Dataset:
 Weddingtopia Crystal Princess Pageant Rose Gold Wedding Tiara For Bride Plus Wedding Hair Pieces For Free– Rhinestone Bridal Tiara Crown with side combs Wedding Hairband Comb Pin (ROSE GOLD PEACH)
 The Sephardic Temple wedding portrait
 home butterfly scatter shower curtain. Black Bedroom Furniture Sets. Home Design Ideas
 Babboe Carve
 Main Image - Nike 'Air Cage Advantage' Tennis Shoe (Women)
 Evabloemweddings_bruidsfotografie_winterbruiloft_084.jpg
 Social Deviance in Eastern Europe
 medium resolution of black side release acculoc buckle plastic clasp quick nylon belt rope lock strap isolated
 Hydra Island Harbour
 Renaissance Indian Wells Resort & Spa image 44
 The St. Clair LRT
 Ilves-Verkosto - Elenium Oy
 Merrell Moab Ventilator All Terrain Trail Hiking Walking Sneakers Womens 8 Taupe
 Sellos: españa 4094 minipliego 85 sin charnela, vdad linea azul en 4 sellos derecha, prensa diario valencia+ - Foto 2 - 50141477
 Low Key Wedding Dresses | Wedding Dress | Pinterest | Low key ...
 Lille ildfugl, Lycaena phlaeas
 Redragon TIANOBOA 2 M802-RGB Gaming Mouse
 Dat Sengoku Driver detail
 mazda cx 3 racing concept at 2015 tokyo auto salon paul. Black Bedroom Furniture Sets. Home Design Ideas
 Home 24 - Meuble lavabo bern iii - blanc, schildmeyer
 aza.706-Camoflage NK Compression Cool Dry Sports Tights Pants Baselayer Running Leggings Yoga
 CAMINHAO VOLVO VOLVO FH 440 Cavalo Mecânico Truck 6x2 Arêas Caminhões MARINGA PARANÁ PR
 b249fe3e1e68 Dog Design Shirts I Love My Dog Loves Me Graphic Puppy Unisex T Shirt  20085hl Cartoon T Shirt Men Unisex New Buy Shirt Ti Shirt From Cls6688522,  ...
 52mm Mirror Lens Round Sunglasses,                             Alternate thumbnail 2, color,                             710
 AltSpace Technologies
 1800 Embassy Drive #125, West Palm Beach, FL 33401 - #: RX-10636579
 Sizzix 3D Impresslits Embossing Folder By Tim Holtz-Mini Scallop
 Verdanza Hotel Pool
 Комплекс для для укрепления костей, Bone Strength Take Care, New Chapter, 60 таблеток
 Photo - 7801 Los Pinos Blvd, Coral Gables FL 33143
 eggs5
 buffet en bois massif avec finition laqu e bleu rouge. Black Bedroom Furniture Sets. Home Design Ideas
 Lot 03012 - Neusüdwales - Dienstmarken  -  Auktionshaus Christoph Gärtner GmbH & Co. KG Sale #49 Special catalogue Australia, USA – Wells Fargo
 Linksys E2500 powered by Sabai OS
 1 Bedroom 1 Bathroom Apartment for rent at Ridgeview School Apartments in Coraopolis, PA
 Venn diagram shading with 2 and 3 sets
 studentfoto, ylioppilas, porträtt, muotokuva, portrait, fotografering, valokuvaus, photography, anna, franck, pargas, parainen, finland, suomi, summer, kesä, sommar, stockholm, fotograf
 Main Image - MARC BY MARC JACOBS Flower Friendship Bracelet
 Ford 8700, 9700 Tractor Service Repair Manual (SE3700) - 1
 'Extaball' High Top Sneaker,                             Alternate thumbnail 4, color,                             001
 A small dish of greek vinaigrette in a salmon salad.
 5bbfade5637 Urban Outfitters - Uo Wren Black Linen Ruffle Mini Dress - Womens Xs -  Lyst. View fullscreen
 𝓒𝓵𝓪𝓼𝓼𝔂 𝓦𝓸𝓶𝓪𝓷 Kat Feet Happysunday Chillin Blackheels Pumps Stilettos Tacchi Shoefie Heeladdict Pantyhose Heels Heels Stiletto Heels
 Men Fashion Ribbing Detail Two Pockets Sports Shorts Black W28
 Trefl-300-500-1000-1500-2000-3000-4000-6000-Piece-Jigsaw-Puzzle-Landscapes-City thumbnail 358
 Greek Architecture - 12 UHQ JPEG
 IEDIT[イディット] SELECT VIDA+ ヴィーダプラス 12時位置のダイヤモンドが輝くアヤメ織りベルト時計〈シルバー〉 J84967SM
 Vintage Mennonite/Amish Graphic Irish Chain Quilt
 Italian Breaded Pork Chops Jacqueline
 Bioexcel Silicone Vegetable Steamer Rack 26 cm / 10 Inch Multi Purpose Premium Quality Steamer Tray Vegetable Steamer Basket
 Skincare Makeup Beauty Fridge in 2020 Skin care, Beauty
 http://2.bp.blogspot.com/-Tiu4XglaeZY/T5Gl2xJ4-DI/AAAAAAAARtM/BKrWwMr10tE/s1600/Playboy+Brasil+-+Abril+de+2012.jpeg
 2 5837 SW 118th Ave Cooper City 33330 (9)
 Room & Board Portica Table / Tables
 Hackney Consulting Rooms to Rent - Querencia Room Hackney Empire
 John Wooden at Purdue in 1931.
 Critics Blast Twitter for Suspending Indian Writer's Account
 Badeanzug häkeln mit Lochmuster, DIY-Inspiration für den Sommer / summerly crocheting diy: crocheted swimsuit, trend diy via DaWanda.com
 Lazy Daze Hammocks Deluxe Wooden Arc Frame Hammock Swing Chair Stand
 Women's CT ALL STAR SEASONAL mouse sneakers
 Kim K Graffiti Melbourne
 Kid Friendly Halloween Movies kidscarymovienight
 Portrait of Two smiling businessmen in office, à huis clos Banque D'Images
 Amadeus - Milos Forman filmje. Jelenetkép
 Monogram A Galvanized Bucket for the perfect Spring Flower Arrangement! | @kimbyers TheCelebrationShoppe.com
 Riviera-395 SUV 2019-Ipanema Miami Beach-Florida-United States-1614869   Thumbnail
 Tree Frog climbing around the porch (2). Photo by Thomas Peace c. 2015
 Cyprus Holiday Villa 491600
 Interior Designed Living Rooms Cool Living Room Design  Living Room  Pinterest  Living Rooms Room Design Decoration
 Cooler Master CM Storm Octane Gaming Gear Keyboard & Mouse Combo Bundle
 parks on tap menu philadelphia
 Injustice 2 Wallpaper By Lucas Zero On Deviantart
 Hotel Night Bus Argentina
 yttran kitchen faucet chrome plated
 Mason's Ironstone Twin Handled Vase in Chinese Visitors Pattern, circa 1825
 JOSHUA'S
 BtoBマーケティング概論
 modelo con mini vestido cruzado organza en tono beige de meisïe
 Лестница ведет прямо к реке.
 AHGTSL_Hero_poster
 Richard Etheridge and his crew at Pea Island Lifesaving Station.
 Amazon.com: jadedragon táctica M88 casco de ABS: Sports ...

Exercise objective:
From the data above, copy each line where the string "Indian" appears.

Your solution:
 Renaissance Indian Wells Resort & Spa image 44
 Critics Blast Twitter for Suspending Indian Writer's Account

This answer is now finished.